To solve the problem of type 2 criteria can be 2 ways:

- Ask to do this in the database. SQL allows using the analytic function to calculate for each client the amount of revenue for the current and last month (for the current month SUM (revenue) OVER (PARTITION BY client_id, calendar_month, and then LAG to get the offset for the last month):
- In Excel you have to implement it like this:
- For the current month: SUMMESLI (), the criteria will be the client id and the month of the calendar day cell
- For the last month: SUMMESLI (), the criteria will be the client id and the month of the cell of the calendar day minus exactly 1 calendar month. At the same time I will note that you must deduct the calendar month, and not 30 days. Otherwise, you risk getting a blurred picture because of the uneven number of days in months. Also use the ERROR function to replace erroneous values for customers who did not have the previous month.
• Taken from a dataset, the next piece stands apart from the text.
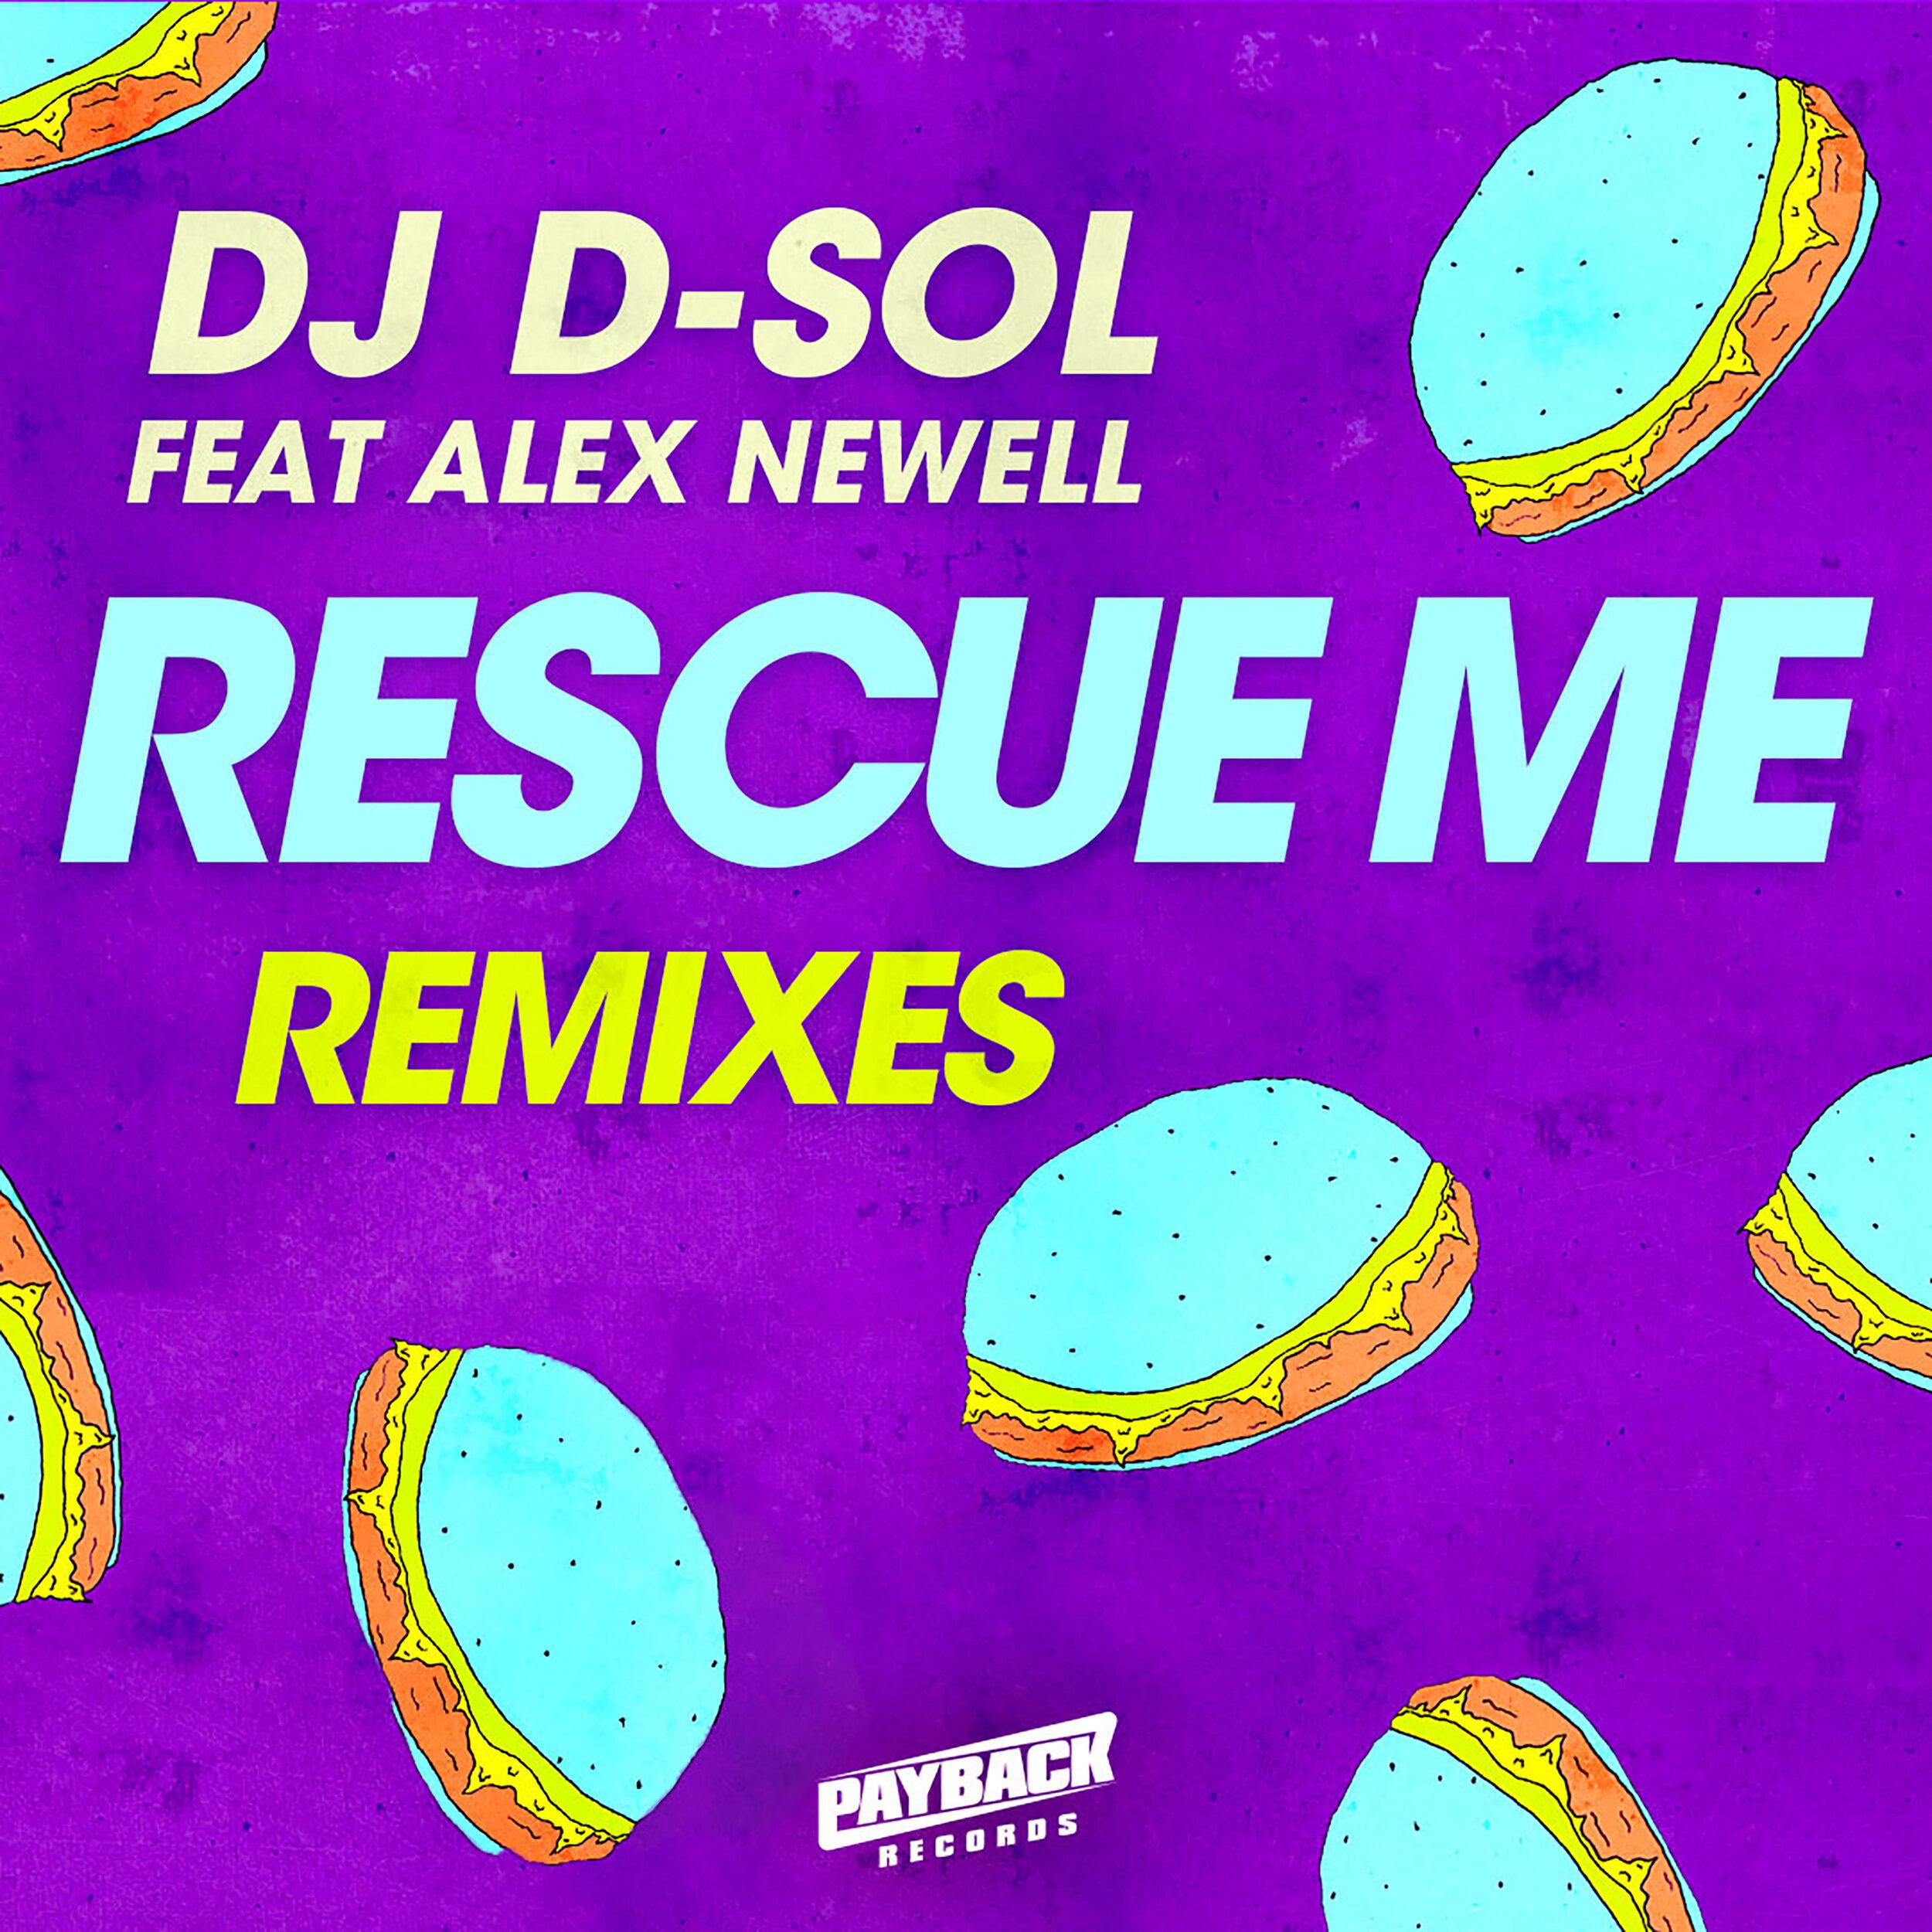 D-Sol_Rescue-Me_REMIX PACK_3K.jpg
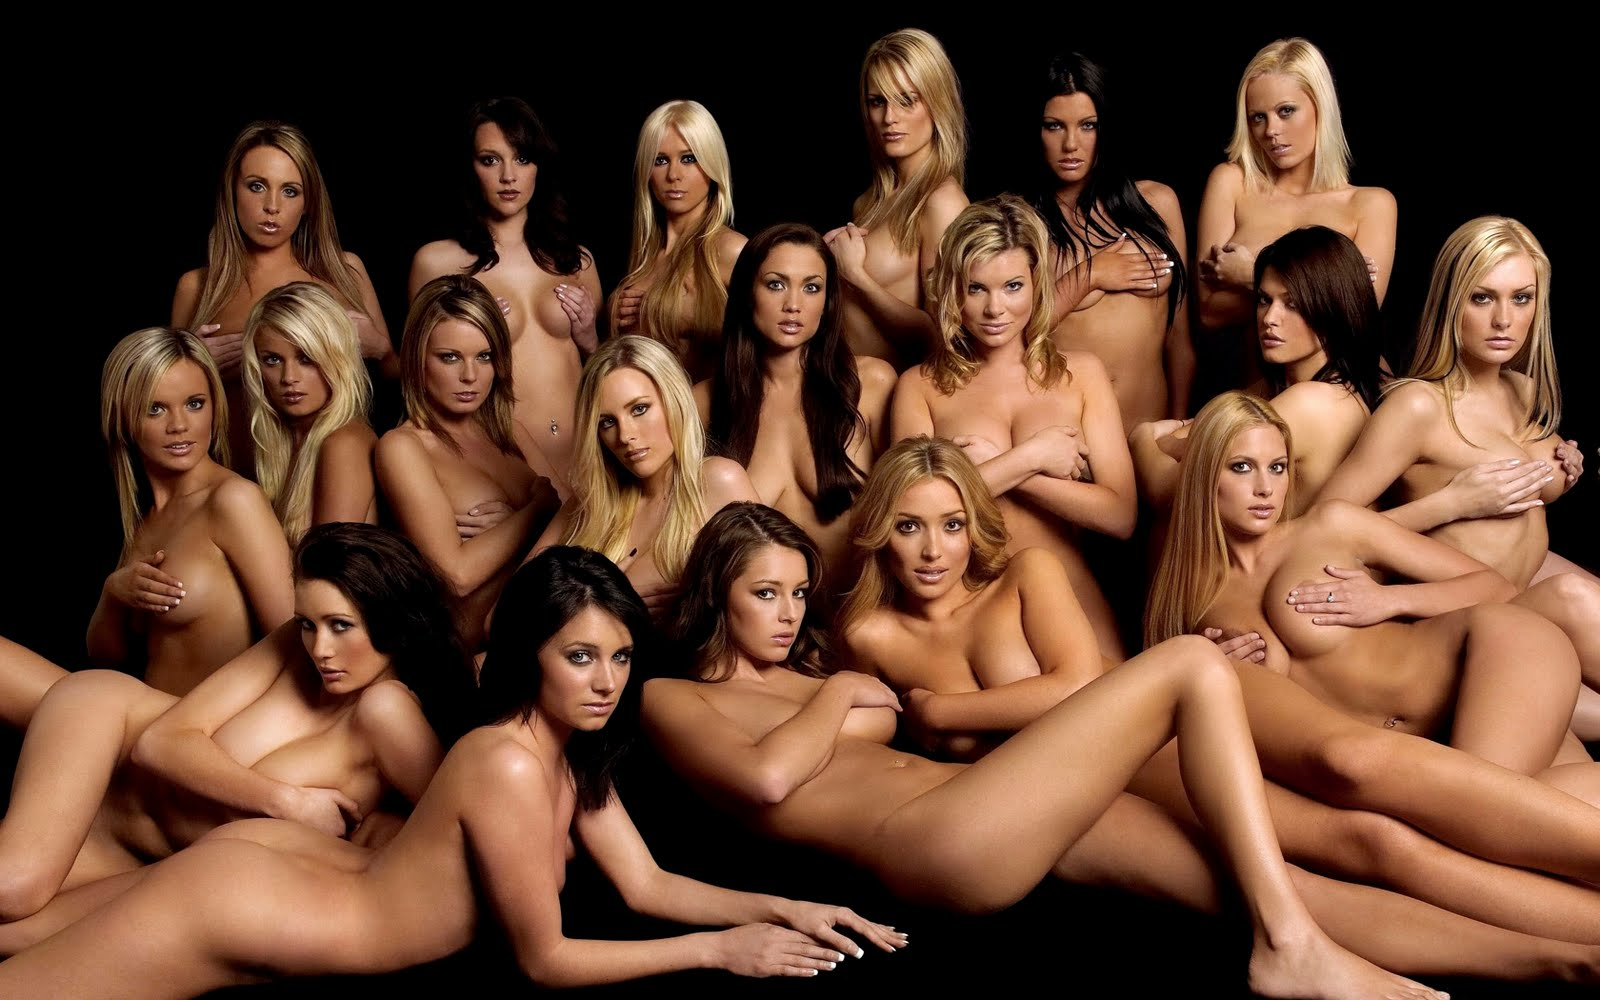 Group Of Hot Women 78

By adding the revenue columns of the current month, last month, you can build an embedded IF condition that takes into account all factors (difference of dates and amount of revenue in the current / last month):

IF (difference of dates <7; “new”;

IF (AND (revenue of the previous month = 0; current month's revenue> 0); “reactivation”;

IF (AND (last month's revenue> 0; current month's revenue> 0); “active”

IF (AND (last month's revenue = 0; current month's revenue = 0); “Gone”; “error”))))

“Error” is needed here only to control that you were not mistaken in the record. The logic of the MECE state criteria ( https://en.wikipedia.org/wiki/MECE_principle ), i.e. If everything is done correctly, then each of them will be stamped in one state out of 4

You should be able to do this:

Now this table can be rebuilt using the pivot table into a table for plotting. You need to transform it into a table:

Calendar date (columns)

Status (rows)

Number of clients id (values in cells)

Then we just have to build a bar chart with accumulations based on the data, on the X axis the calendar date, the rows are states, the number of clients is the height of the columns. You can change the order of the states on the graph by changing the order of the rows in the “select data” menu. As a result, we get the following picture:

Now we can proceed to the interpretation and analysis.